Martin
Martin

Reputation: 3385

numpy array - load from disk row by row - memory efficiency but fast

Is there a way to pipeline numpy array from disk, that are saved this way

np.save('data.npy',np.zeros(shape=[500,300,3])) # RGB image

and are read row by row (or column by column) in a similar way like generators work, but without the loading latency?


Detailed description

My application needs near to zero latency, but loading bigger arrays from disk can take some time (~0.02-0.1s). Even this small latency generates unpleasant results.

I have solution for this that satisfies the speed:

dictionary = {'array1': array1, ....}

with this I can immediately access the arrays, but since I am using raspberry pi Zero, my python program is limited with CPU and RAM, so if I have a lot of arrays, I would be dealing with

MemoryError

My application reads the array row by row with frequency 50hz, like this

for row in array:
    [operation with row]
    time.sleep(0.02) # in reality, whole cycle is 0.02s ( including operation time) 

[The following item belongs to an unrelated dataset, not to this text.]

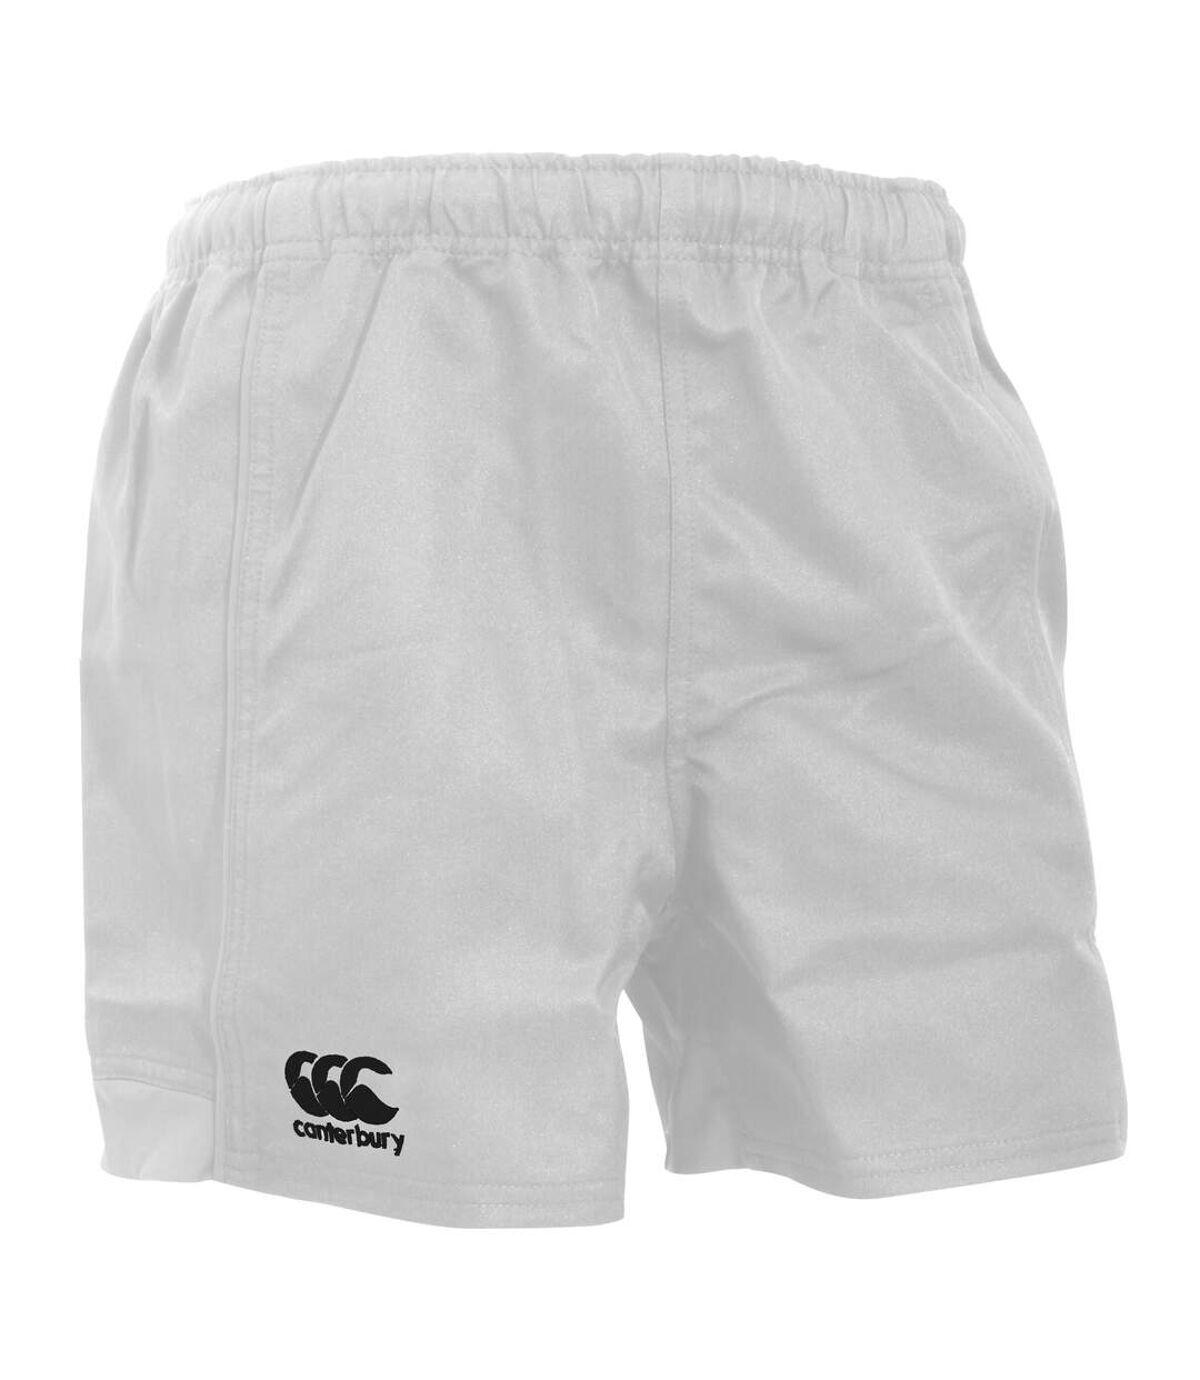 Canterbury Mens Advantage Elasticated Sports Shorts (White) - UTPC2494
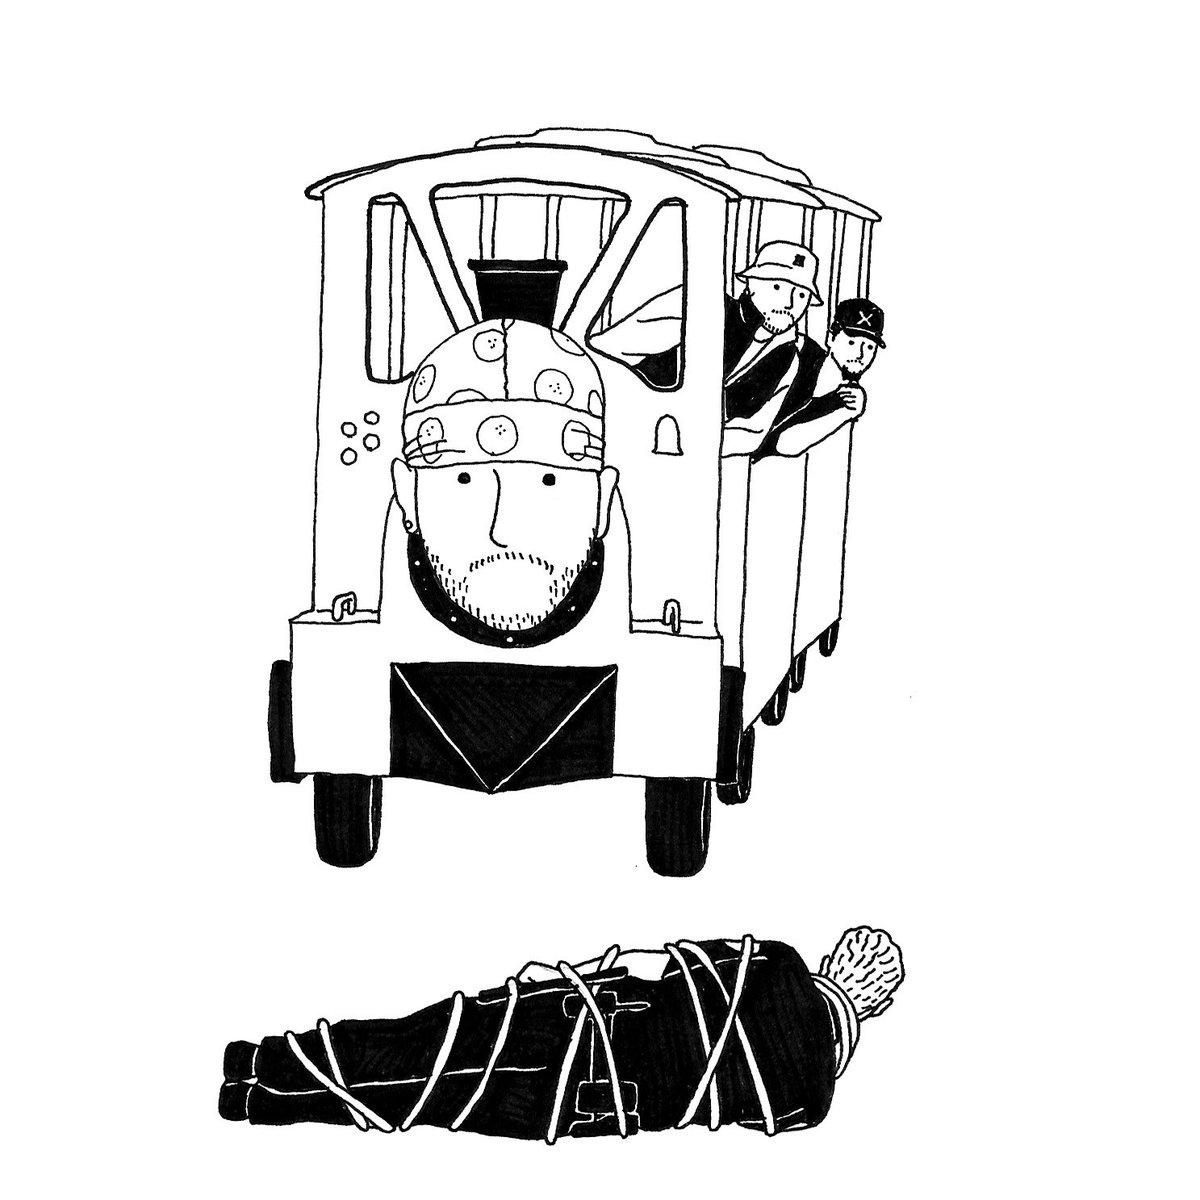 Lil Scammer That Could #guapdad4000 #denzelcurry  #hiphop #trap #rap #rapper #singer #songwriter  #oakland #california #carolcity #florida #america #us #drawing #illustration https://t.co/c7IzvLZa4X

I am looking for kind of generator:

def generate_rows(path):
    array = np.load(path)
    for row in array:
        yield row

This solves the problem with memory, but I guess I will lose the near zero latency (loading the array).

Therefore my question is: Is there a way to generate rows like with generator, but the first rows are ready so to say 'immediately', with near zero latency?


EDIT: Based on @Lukas Koestler and @hpaulj comments I tried memmap, but the result is suprisingly not good, because memmap crashes on Memory sooner than simply loading full arrays.

WINDOWS 10

I saved 1000 numpy arrays (shape = [500,30,3]) on the disk and tried to cached them with np.load and np.load with memmap read

import numpy as np
import os

mats = os.listdir('matrixes')
cache = []
for i in range(10):
    for n in mats:
        cache.append(np.load('matrixes\\{}'.format(n),mmap_mode='r')) # Load with memmap
        #cache.append(np.load('matrixes\\{}'.format(n))) #load without memmap

    print('{} objects stored in cache '.format((i+1)*1000))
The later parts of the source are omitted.